The effects of the coronavirus pandemic look set to change the working landscape for the UK wealth and asset managers as they embrace long-term flexible working arrangements, according to a new report from Lloyds Bank.
Data from the latest Lloyds Bank Financial Institutions Sentiment Survey, which gathers views from major banks, asset and wealth management firms, insurers and intermediaries, showed that 89% of wealth and asset managers planned to maintain flexible working patterns for employees while 85% expected to use digital platforms like Microsoft Teams and Zoom to liaise with clients.
Additionally, 62% said that they will use new technology to automate more work, while 89% of senior leaders in the sector said they planned to maintain current staffing levels or create jobs over the next 12 months, up from 73% a year ago.
The survey also highlighted that many wealth and asset managers expect their business to show resilience despite disruption caused by the pandemic, with 96% saying their Brexit preparations are on track and 63% expecting to maintain or grow revenues in the coming year.
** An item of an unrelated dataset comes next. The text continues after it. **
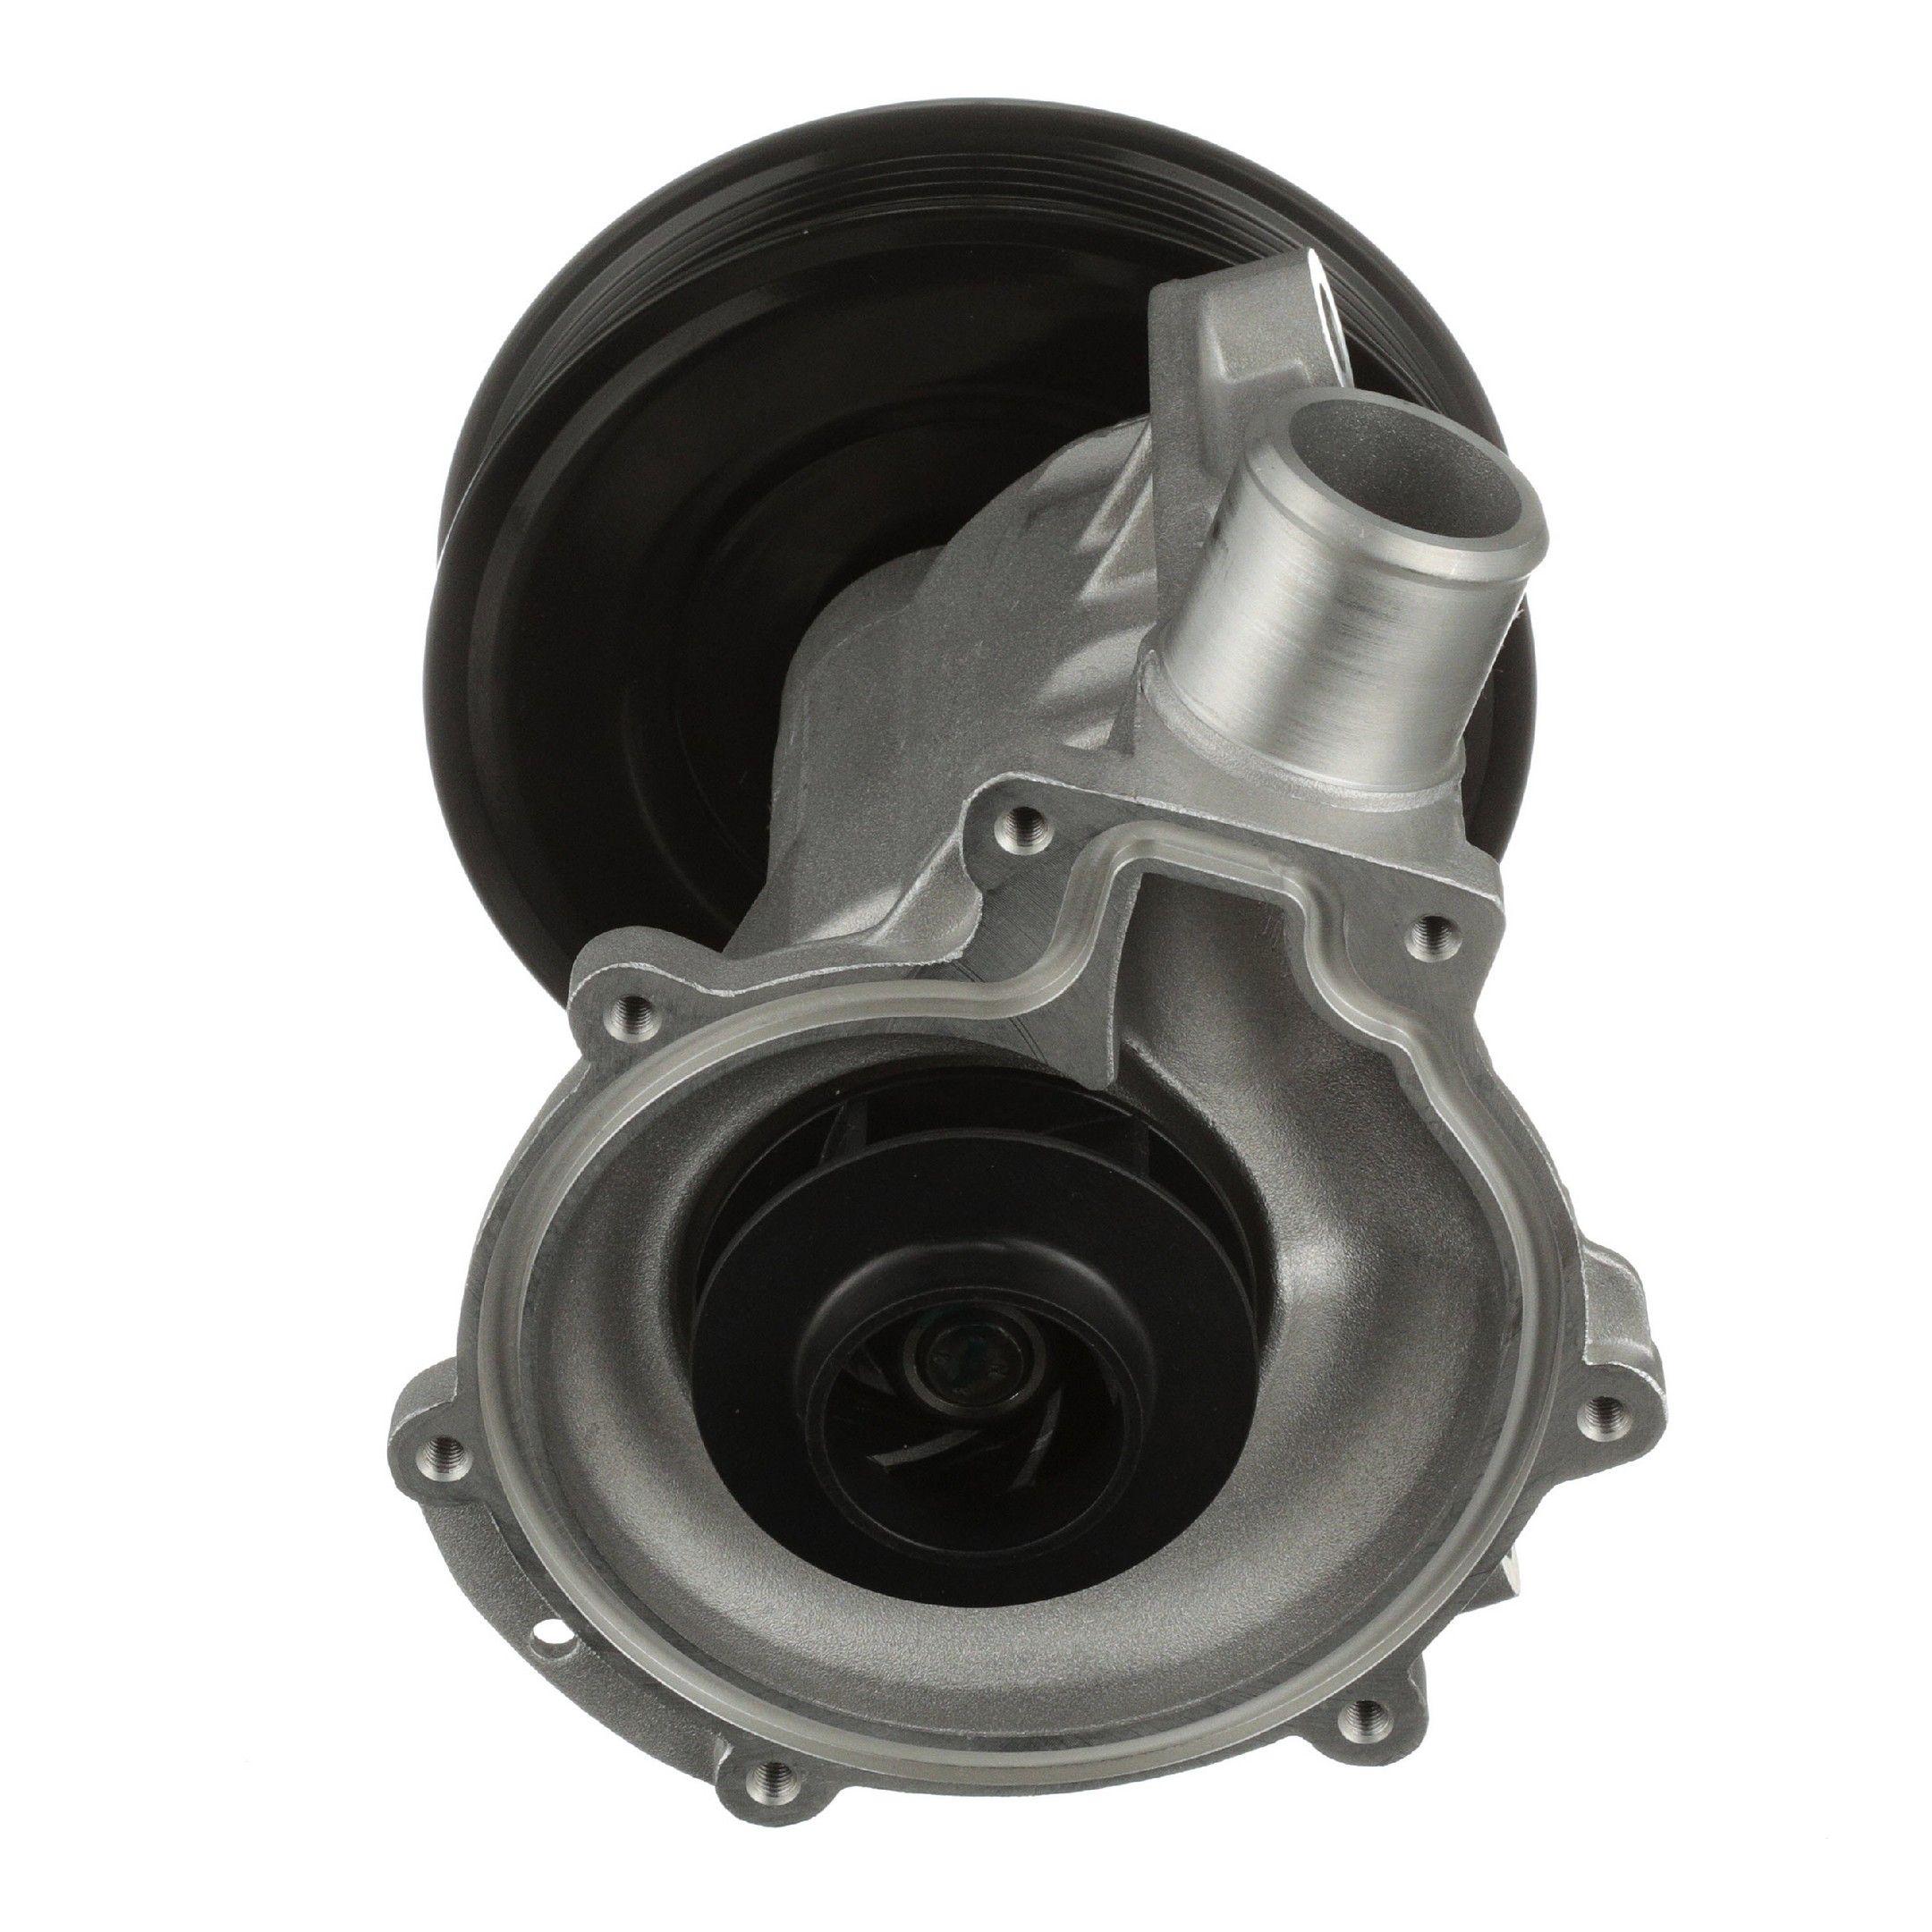 Airtex AW6244 Engine Water Pump

However, expectations were not so positive for the wider UK economy, with 59% of survey respondents saying they expected UK economic growth to slow in the year ahead, up from 41% in 2019, while 41% also expected slower growth in the financial services sector, up from 32% last year.
Despite the resilience of most firms, coronavirus was still cited as one of the top risks to the wealth and asset management industry, with 52% of respondents citing the disease. Financial market risk such as interest rates and currency movements, as well as cybercrime, were cited by the same percentage.
A majority of the respondents, 63%, also said the pandemic will have no impact on their environmental sustainability and sustainable finance strategies, compared to just 17% who said they will focus less on sustainability.
“A drop in confidence in the financial services industry’s growth prospects compared to last year reflects how wealth and asset managers are feeling in the midst of unprecedented disruption caused by [coronavirus]. While it’s encouraging to see that maintaining and growing headcount is on the agenda for more wealth and asset managers this year, economic uncertainty makes the year ahead incredibly hard to predict. Like the rest of the financial services sector, wealth and asset managers have spent the past decade de-risking and modifying their business models with the aim of increasing their resilience. The next 12 months will be critical as we see how effective those defences are”, said Darren Flynn, head of wealth and asset managers at Lloyds Bank Commercial Banking.
“Our findings show that [coronavirus] is accelerating the use of technology to help firms adapt to new working patterns. Wealth and asset managers are working hard to find ways to give their employees the flexibility and freedom to choose how they interact and adapt with each other and their clients adapt to these new ways of working. For the many challenges we have all faced throughout the pandemic, one of the most positive steps taken by wealth and asset managers has been the rapid roll out of technology for staff across the sector and the commitment to experiment with new ways of working”, he added.